- **Data**:
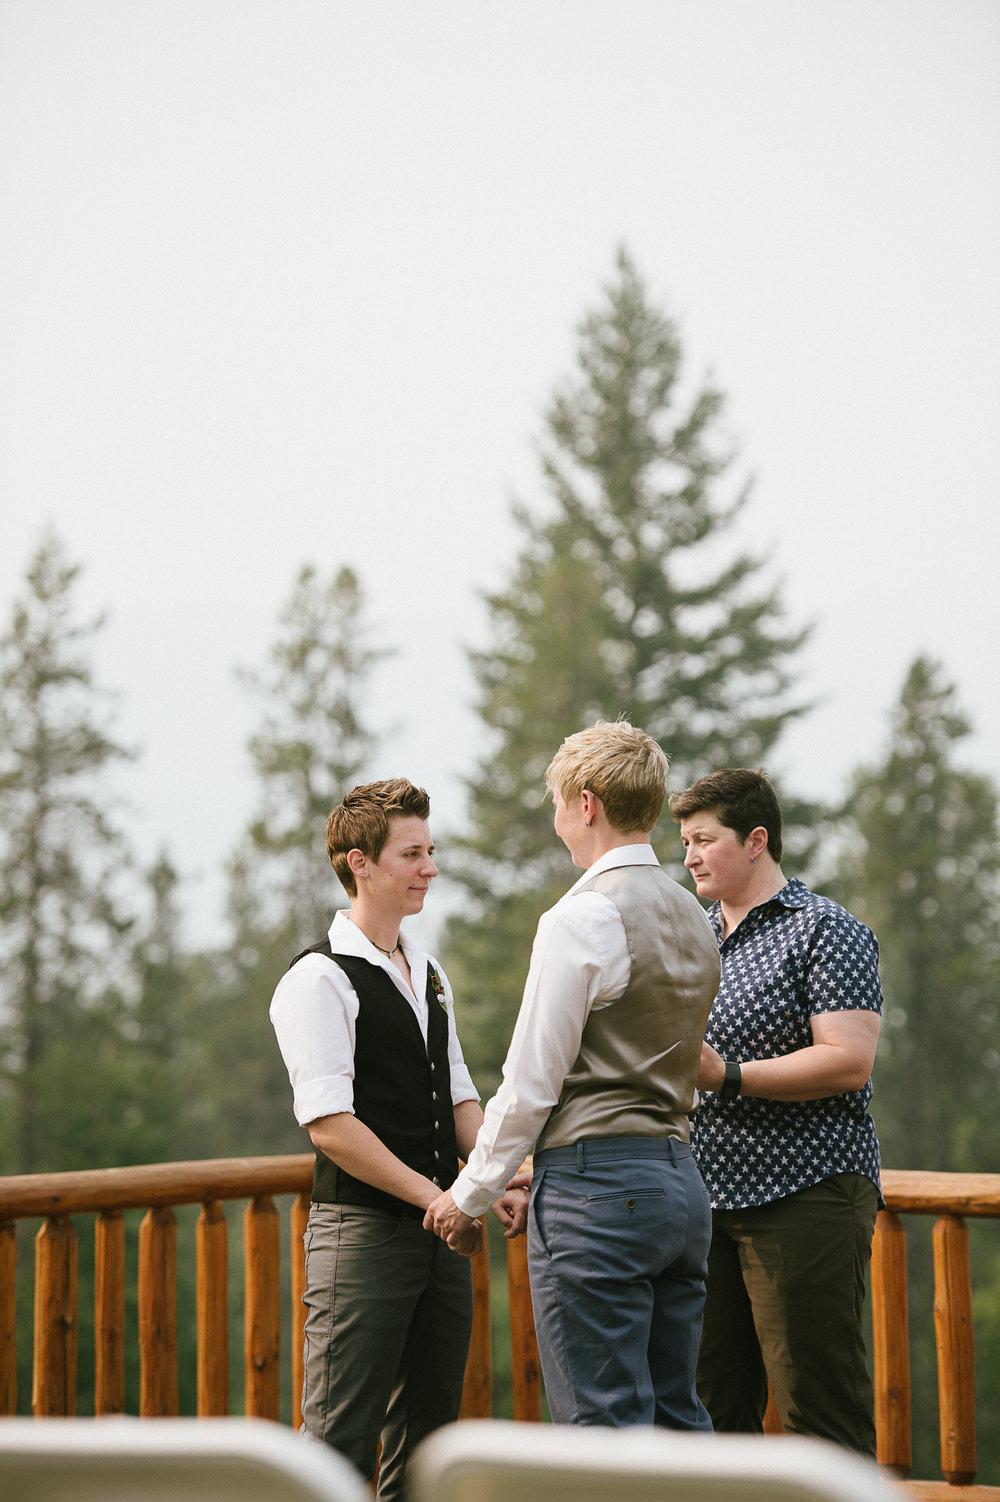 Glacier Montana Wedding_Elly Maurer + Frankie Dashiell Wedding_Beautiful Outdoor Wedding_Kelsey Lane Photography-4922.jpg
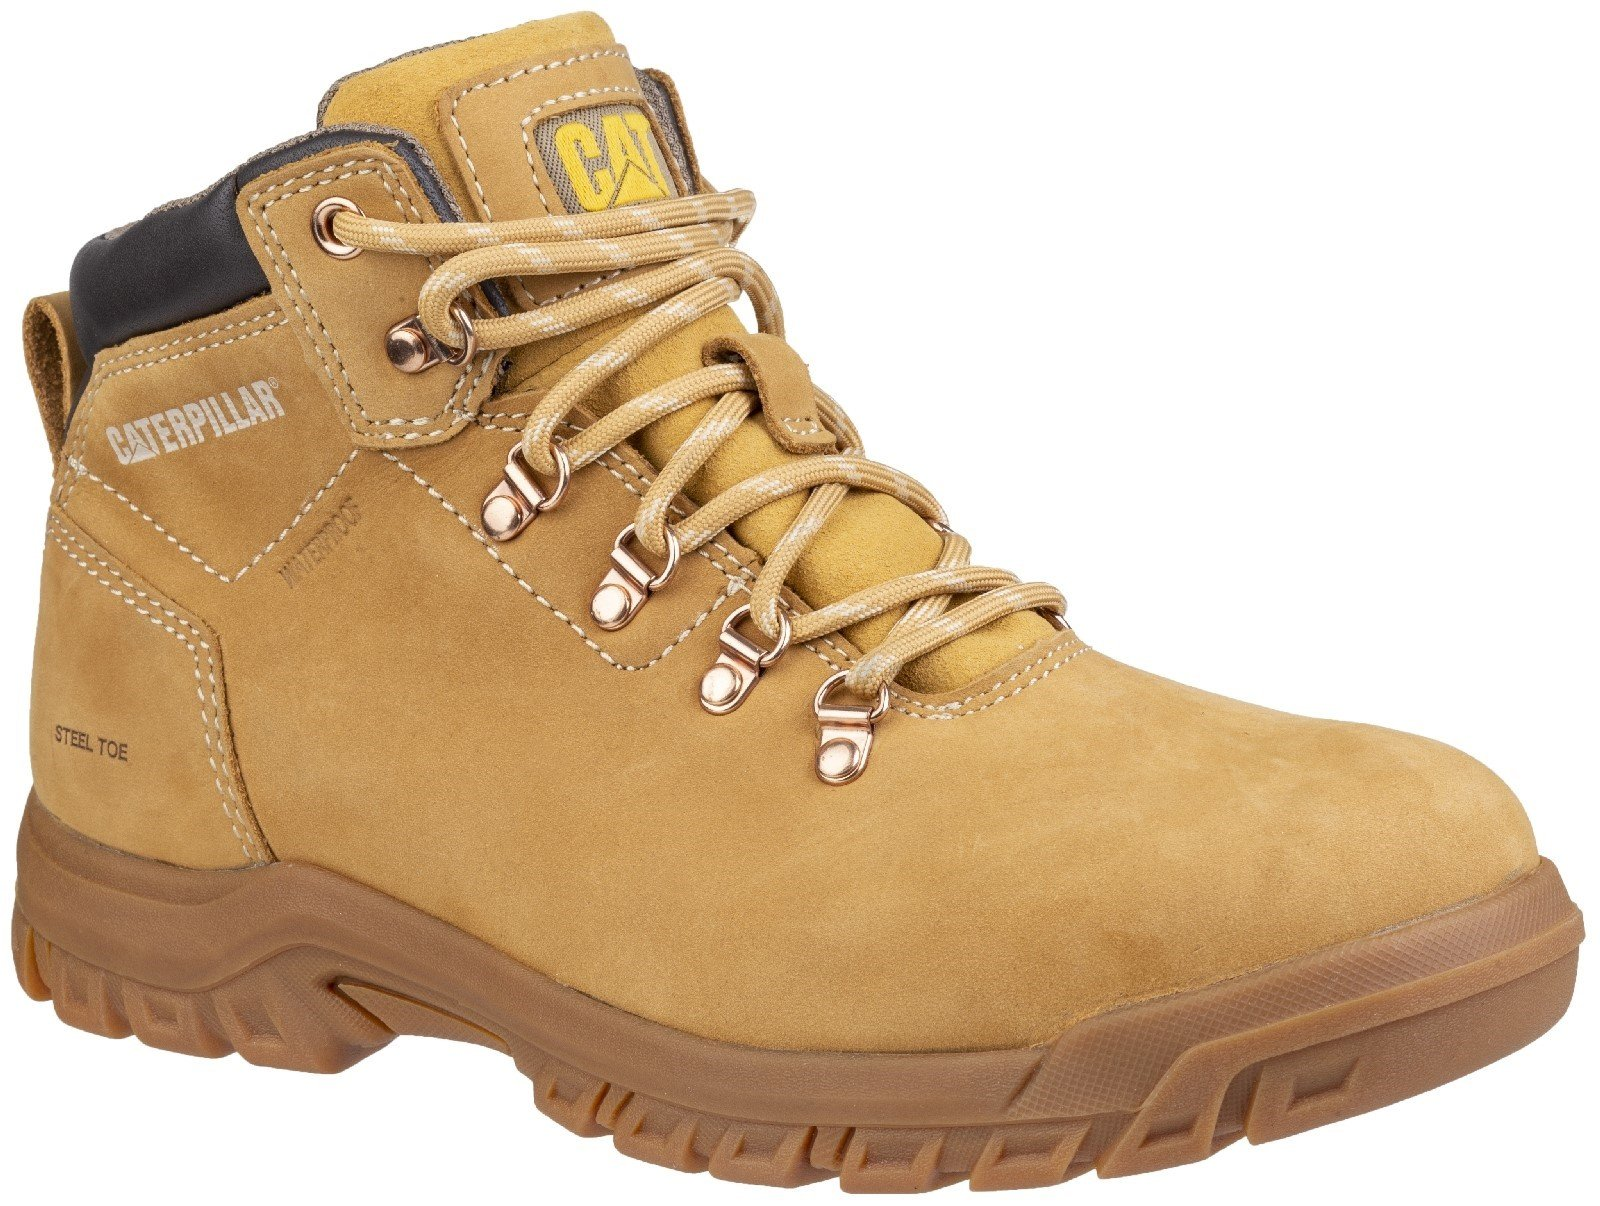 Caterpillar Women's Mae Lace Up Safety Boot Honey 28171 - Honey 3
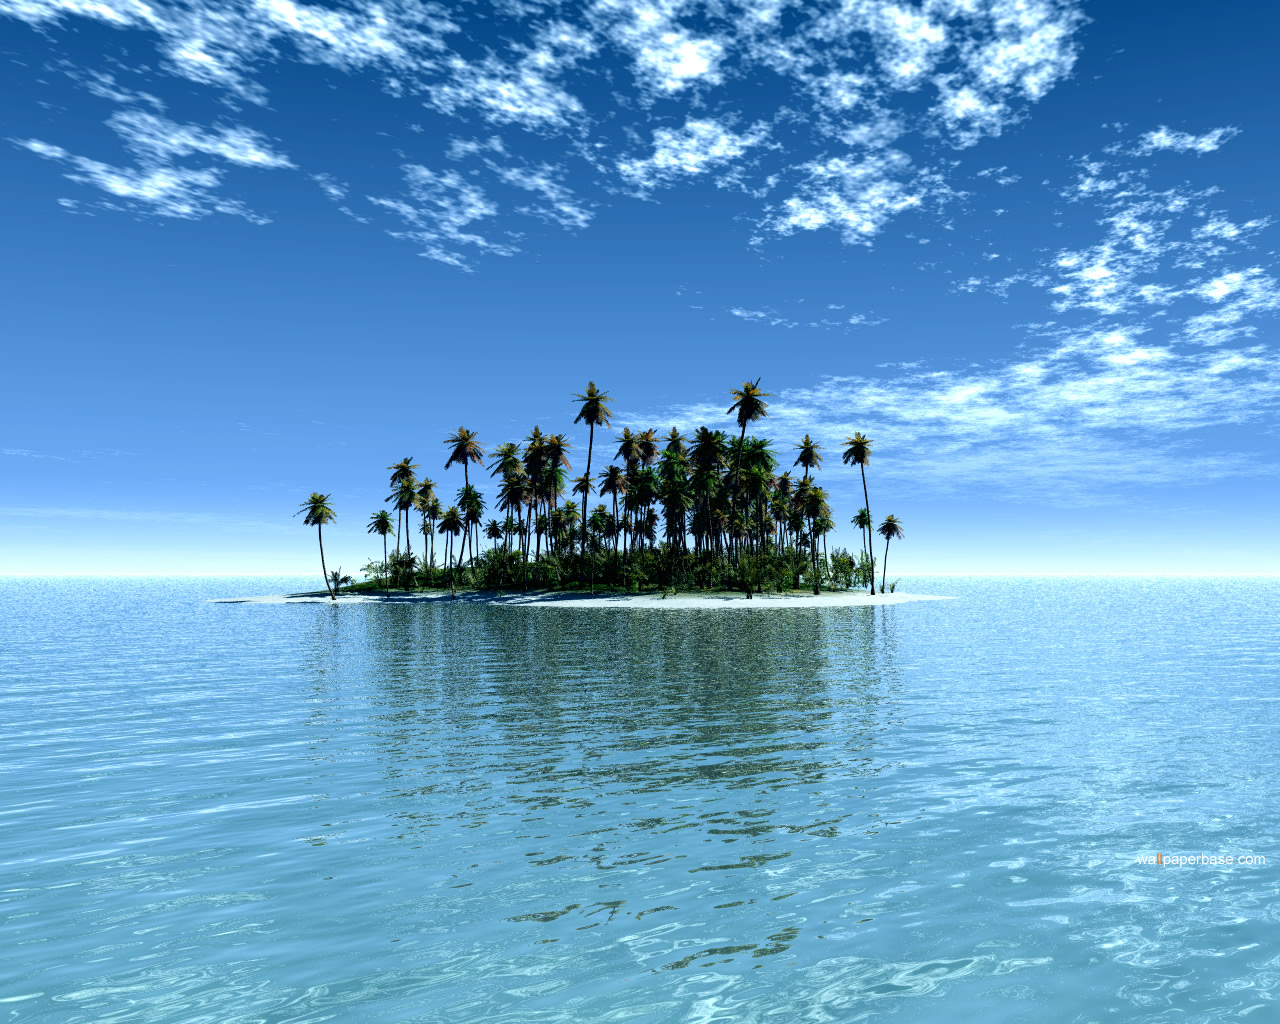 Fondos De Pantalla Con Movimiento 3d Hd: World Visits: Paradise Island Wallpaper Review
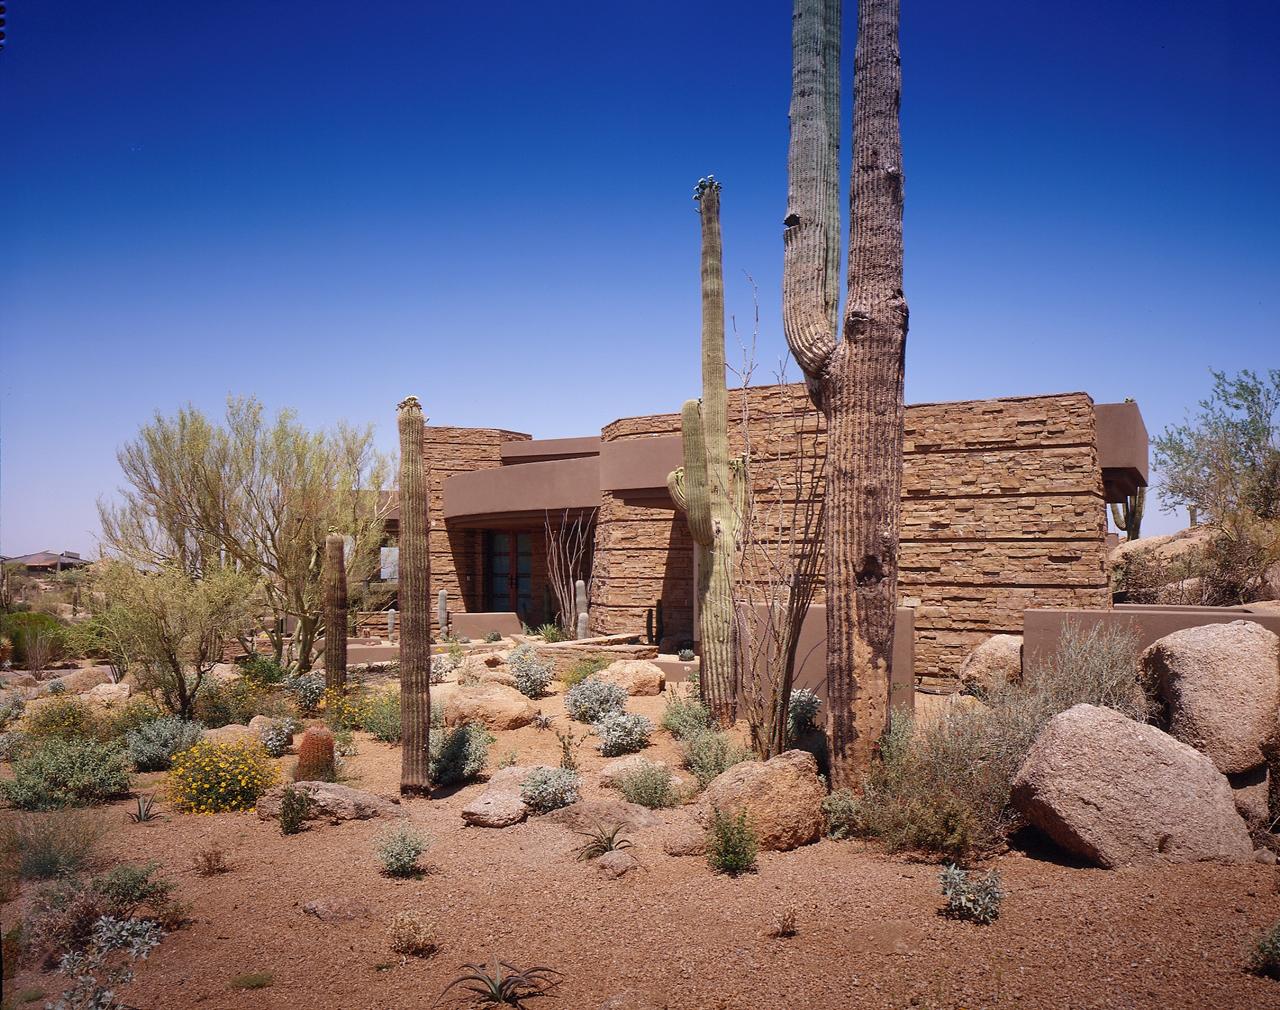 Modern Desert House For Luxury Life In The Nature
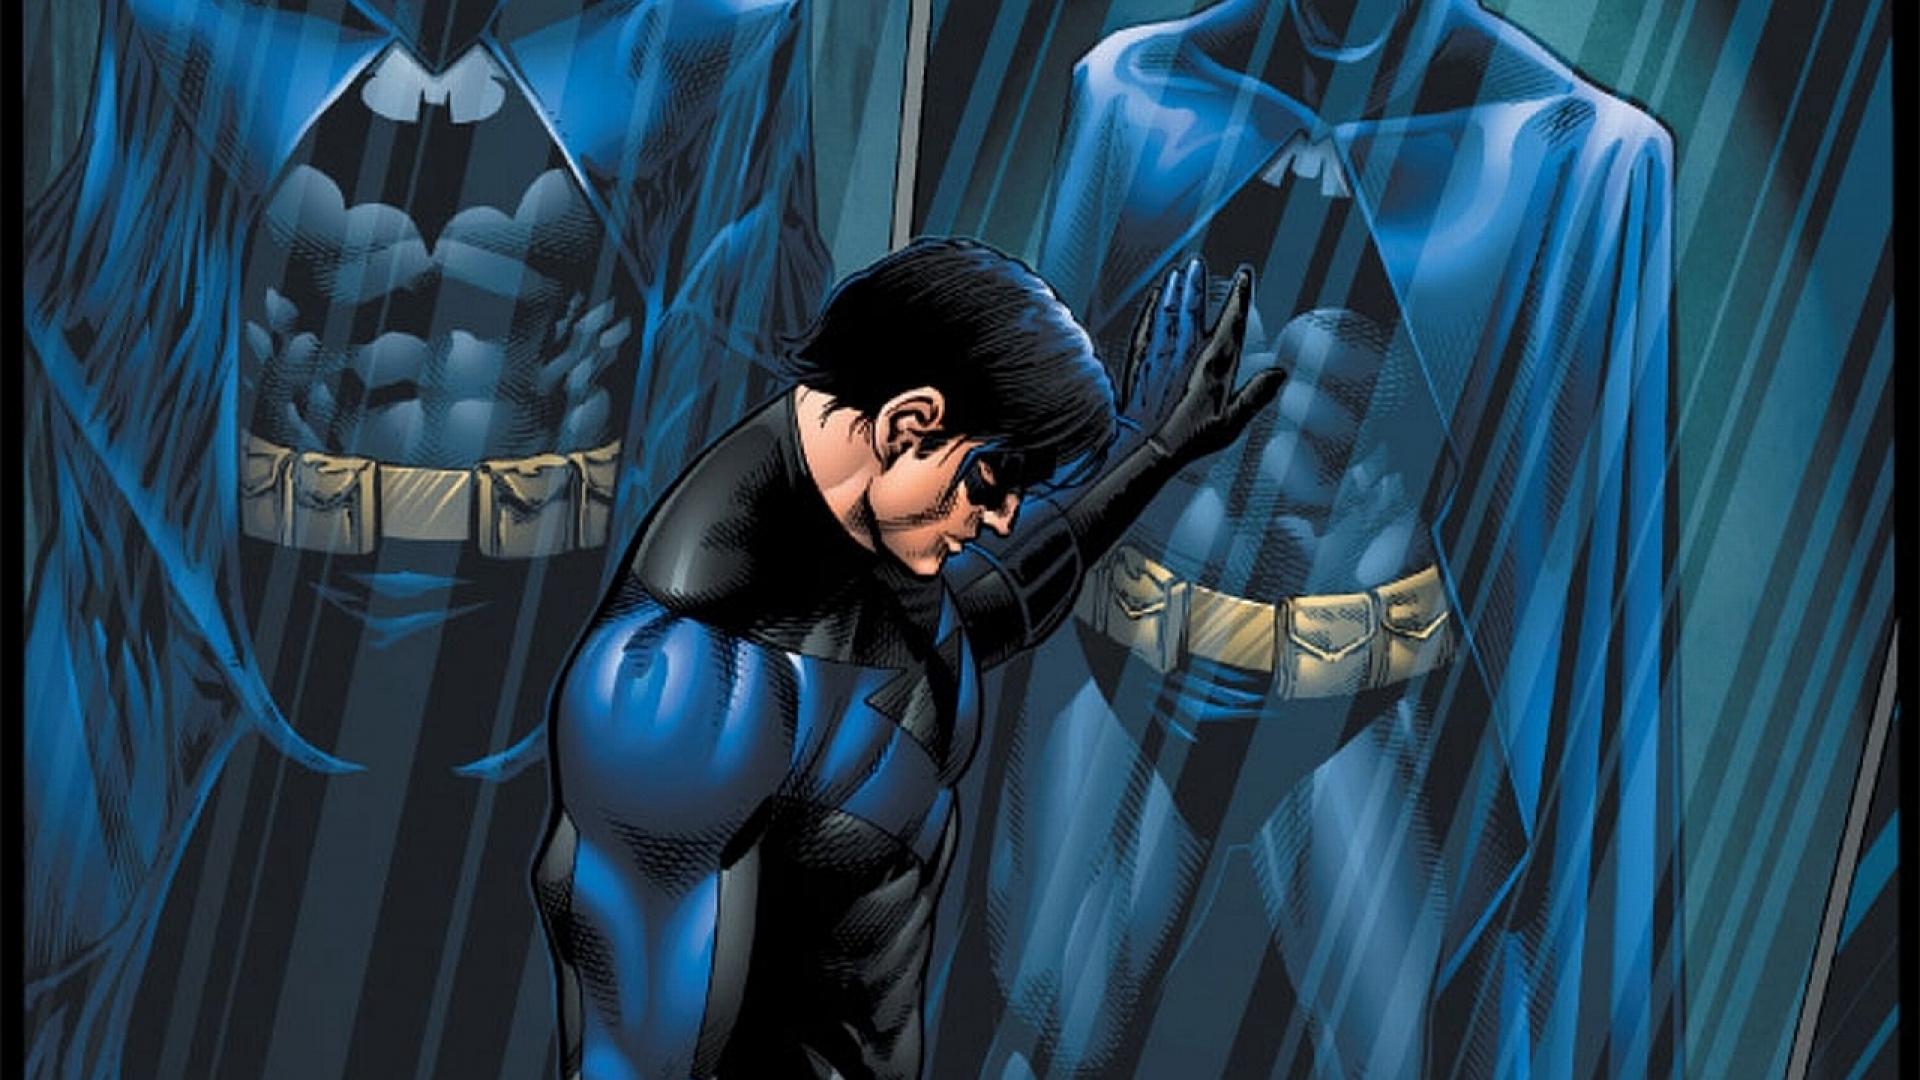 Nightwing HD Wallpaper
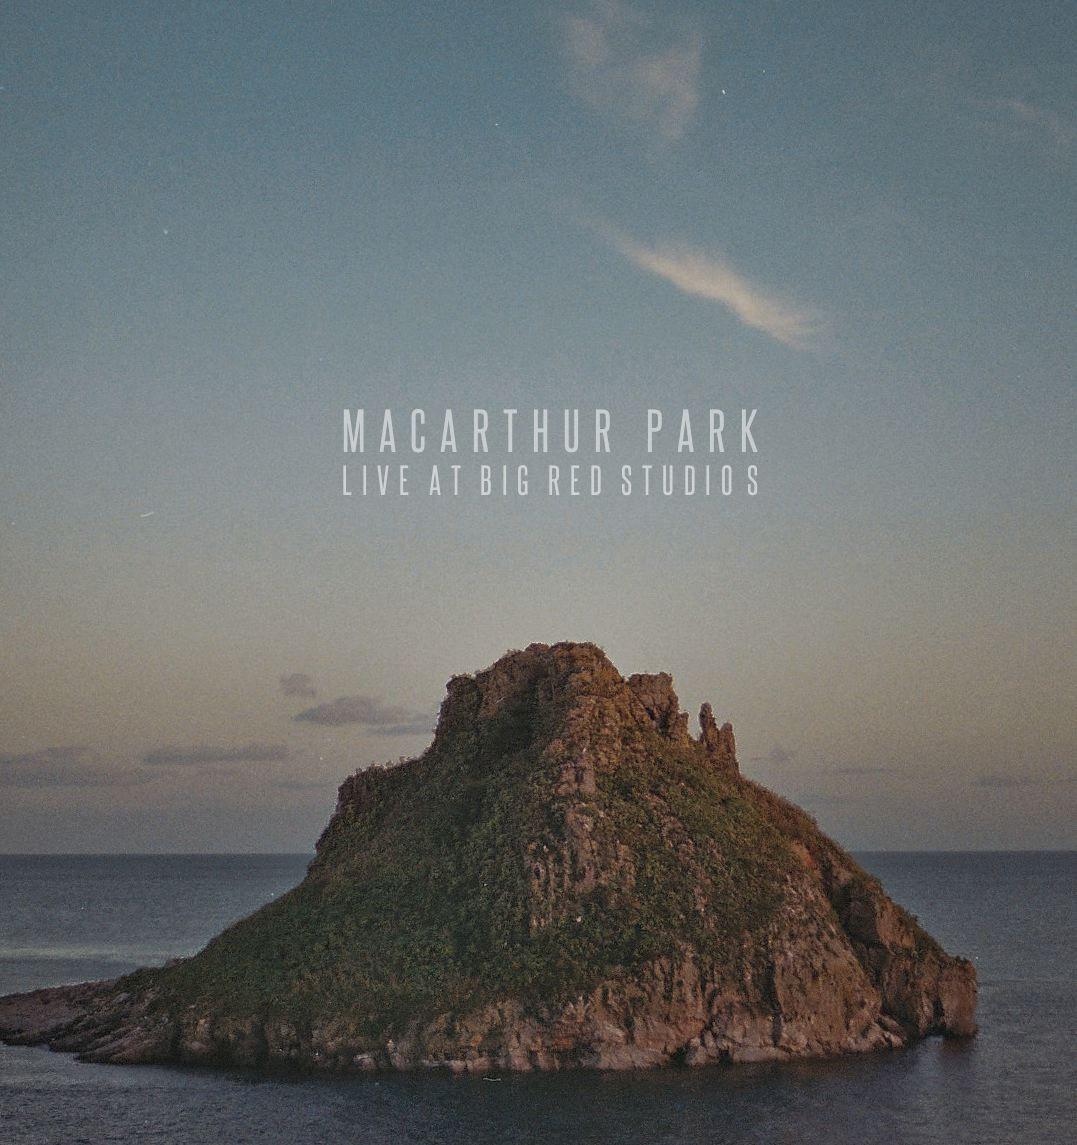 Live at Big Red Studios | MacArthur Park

- **What you need to do**:
Beginning with the line that contains "Caterpillar Women's Mae" and ending with the final line of the listing, return each line exactly. Omit all pictures.

- **Your solution**:
 Caterpillar Women's Mae Lace Up Safety Boot Honey 28171 - Honey 3
 Fondos De Pantalla Con Movimiento 3d Hd: World Visits: Paradise Island Wallpaper Review
 Modern Desert House For Luxury Life In The Nature
 Nightwing HD Wallpaper
 Live at Big Red Studios | MacArthur Park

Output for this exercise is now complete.